[[ Data for analysis open ]]
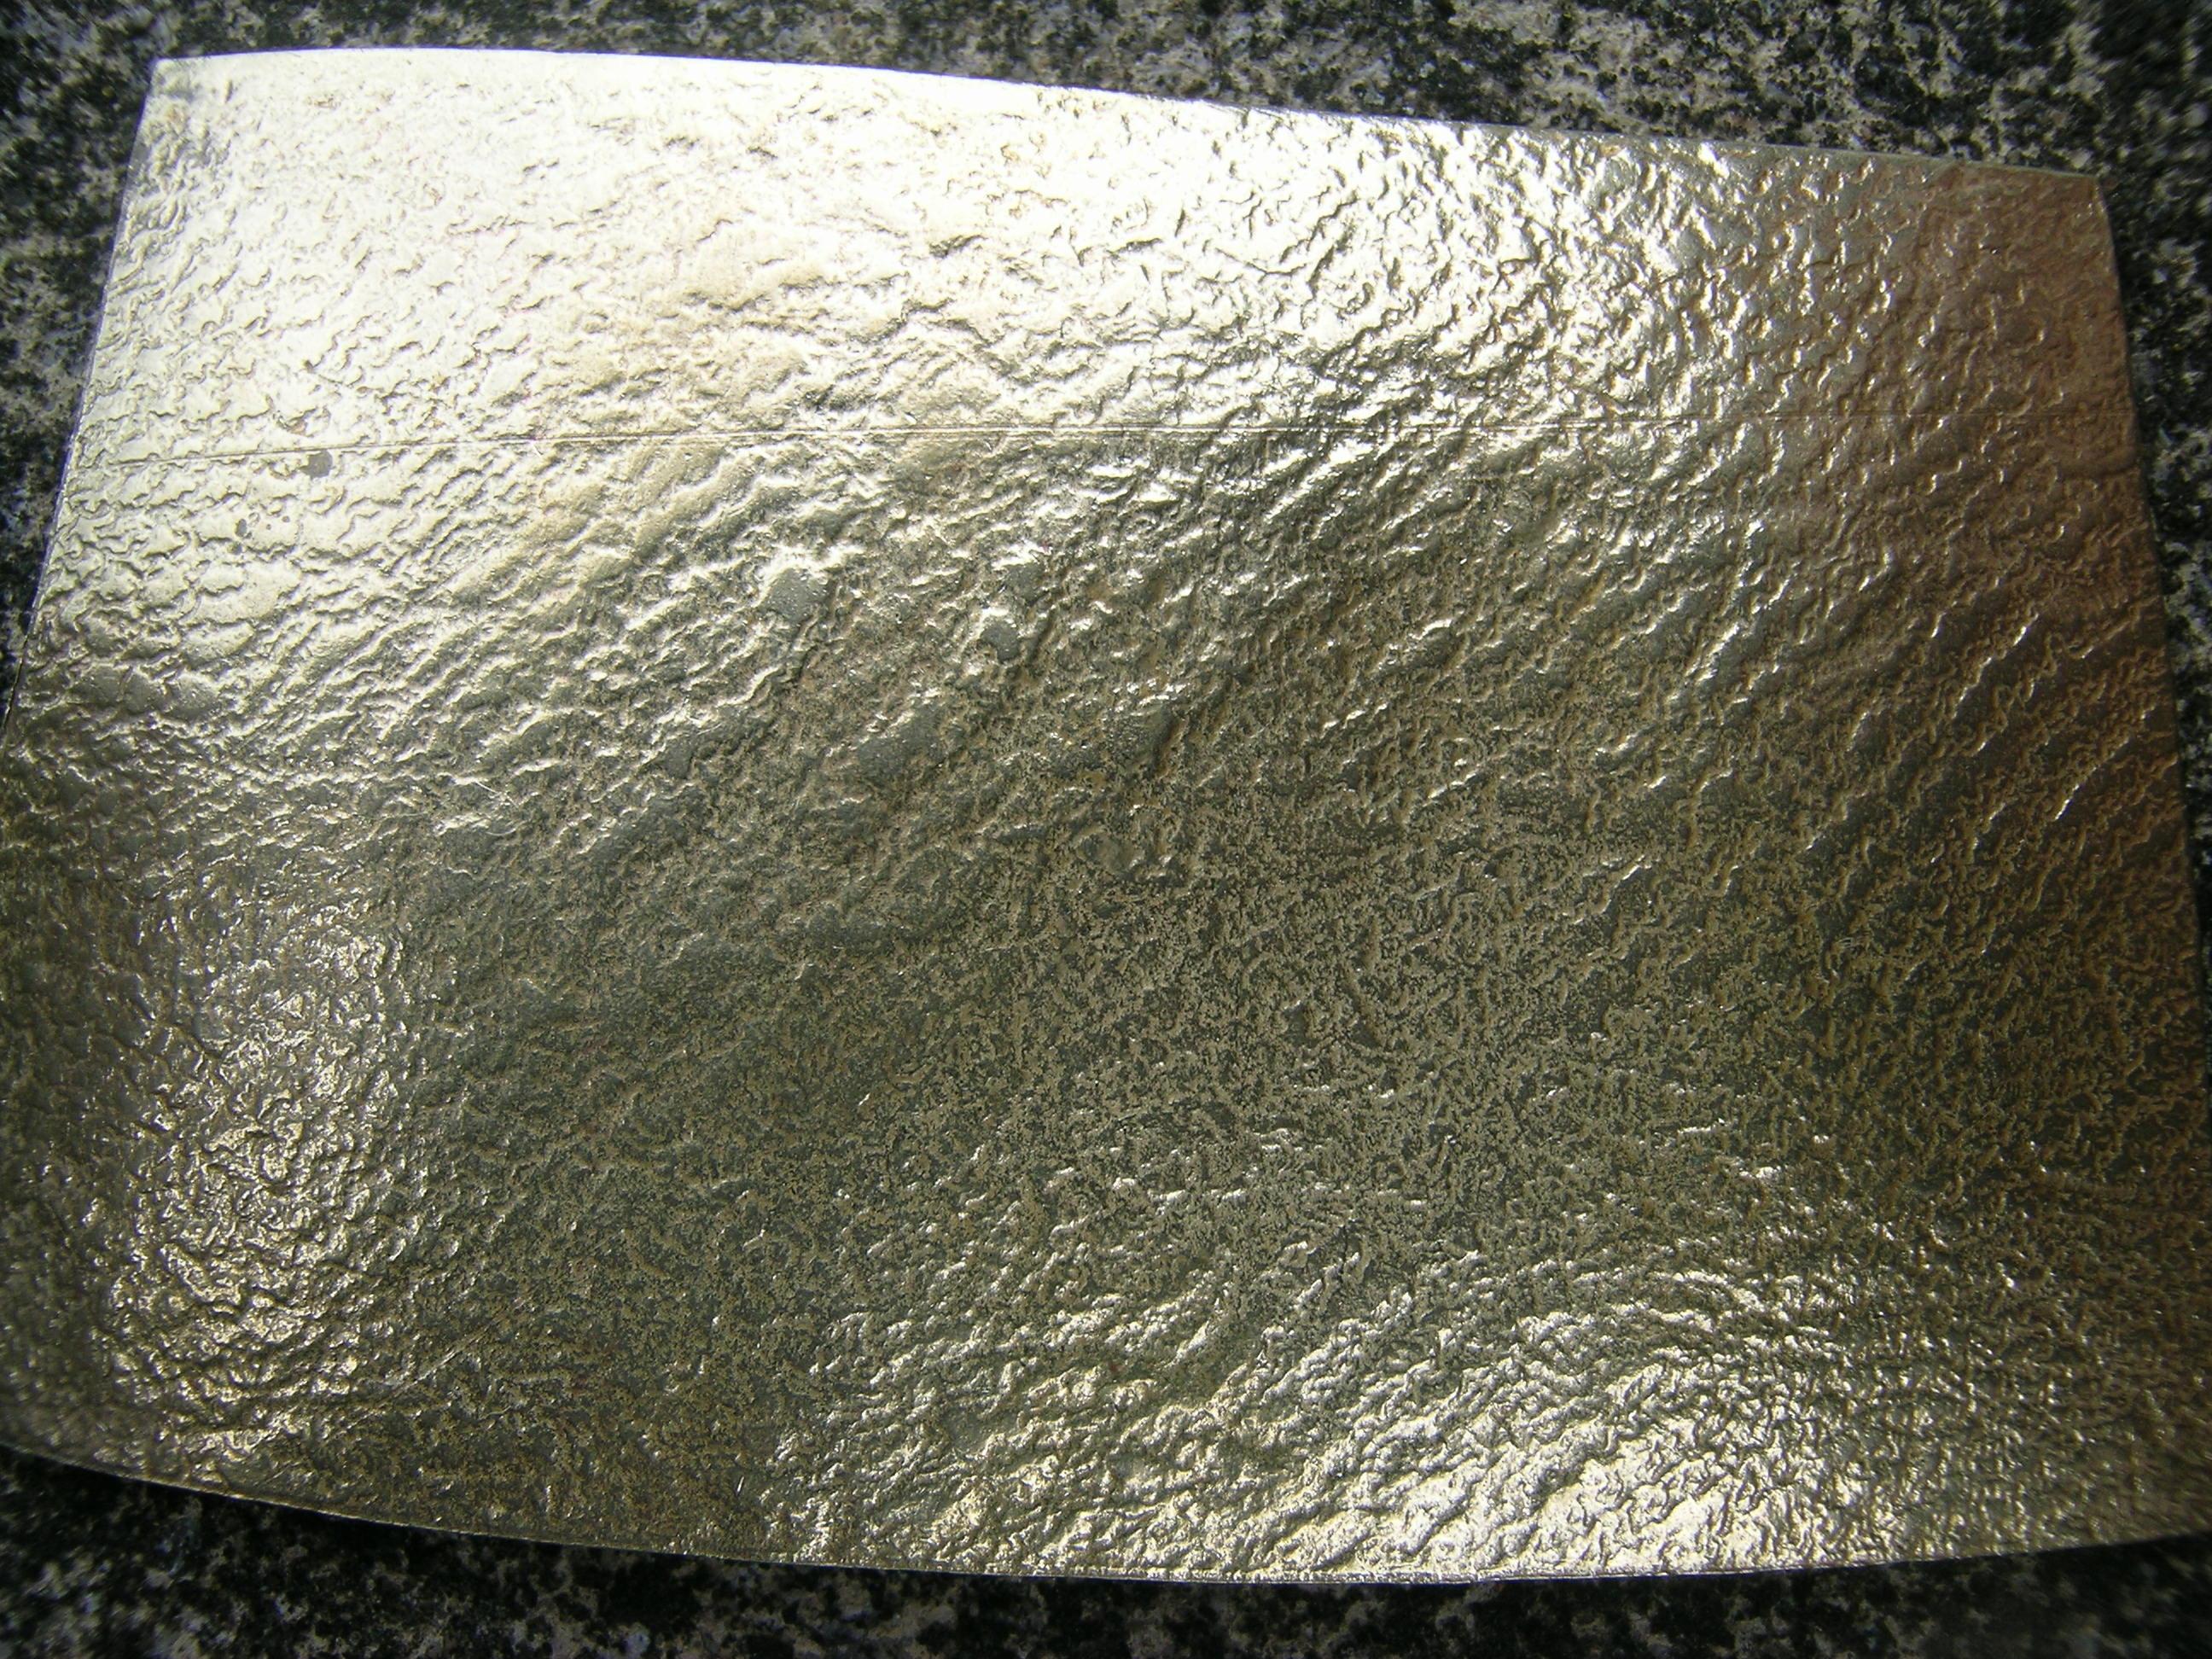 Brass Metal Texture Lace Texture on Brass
[[ Data for analysis closed ]]
[[ Data for analysis open ]]
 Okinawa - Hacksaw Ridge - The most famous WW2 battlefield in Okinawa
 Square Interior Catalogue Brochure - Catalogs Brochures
[[ Data for analysis closed ]]
[[ Data for analysis open ]]
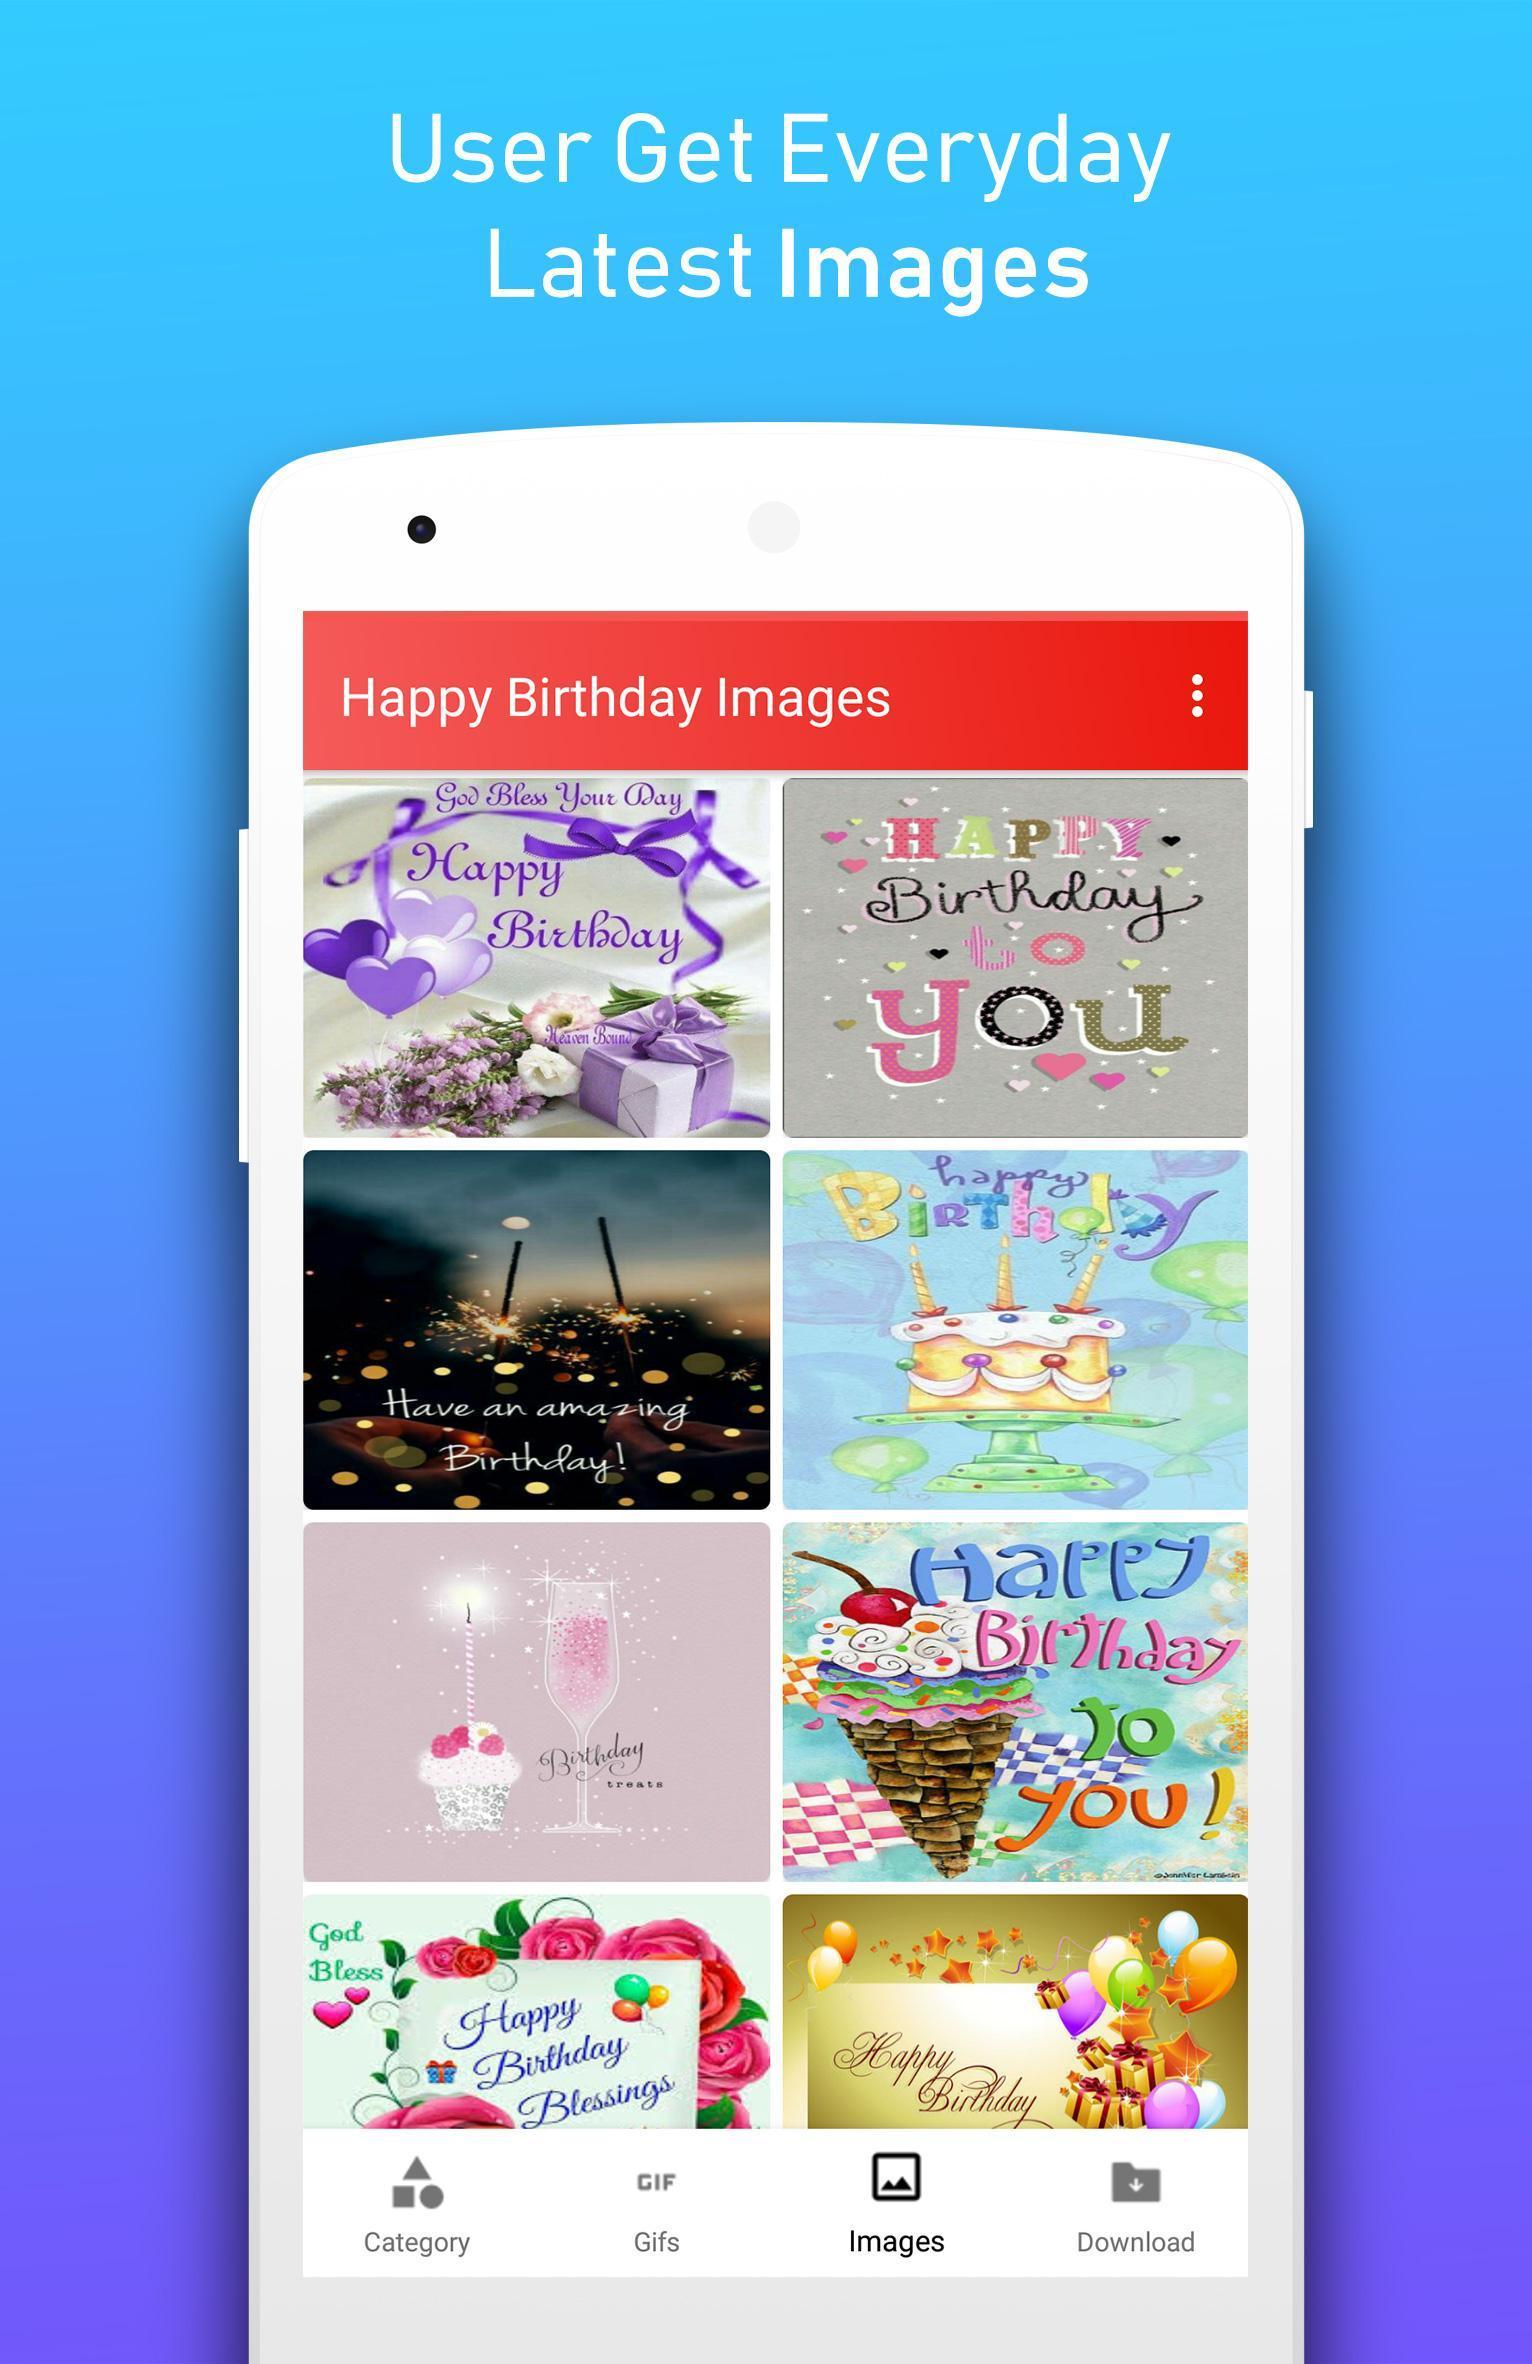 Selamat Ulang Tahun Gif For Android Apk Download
[[ Data for analysis closed ]]
As listed above, the lines from the line with "Okinawa - Hacksaw" to the line with "Square Interior Catalogue" are to be echoed exactly, with both ends included and nothing added.

_Reply to the exercise_
 Okinawa - Hacksaw Ridge - The most famous WW2 battlefield in Okinawa
 Square Interior Catalogue Brochure - Catalogs Brochures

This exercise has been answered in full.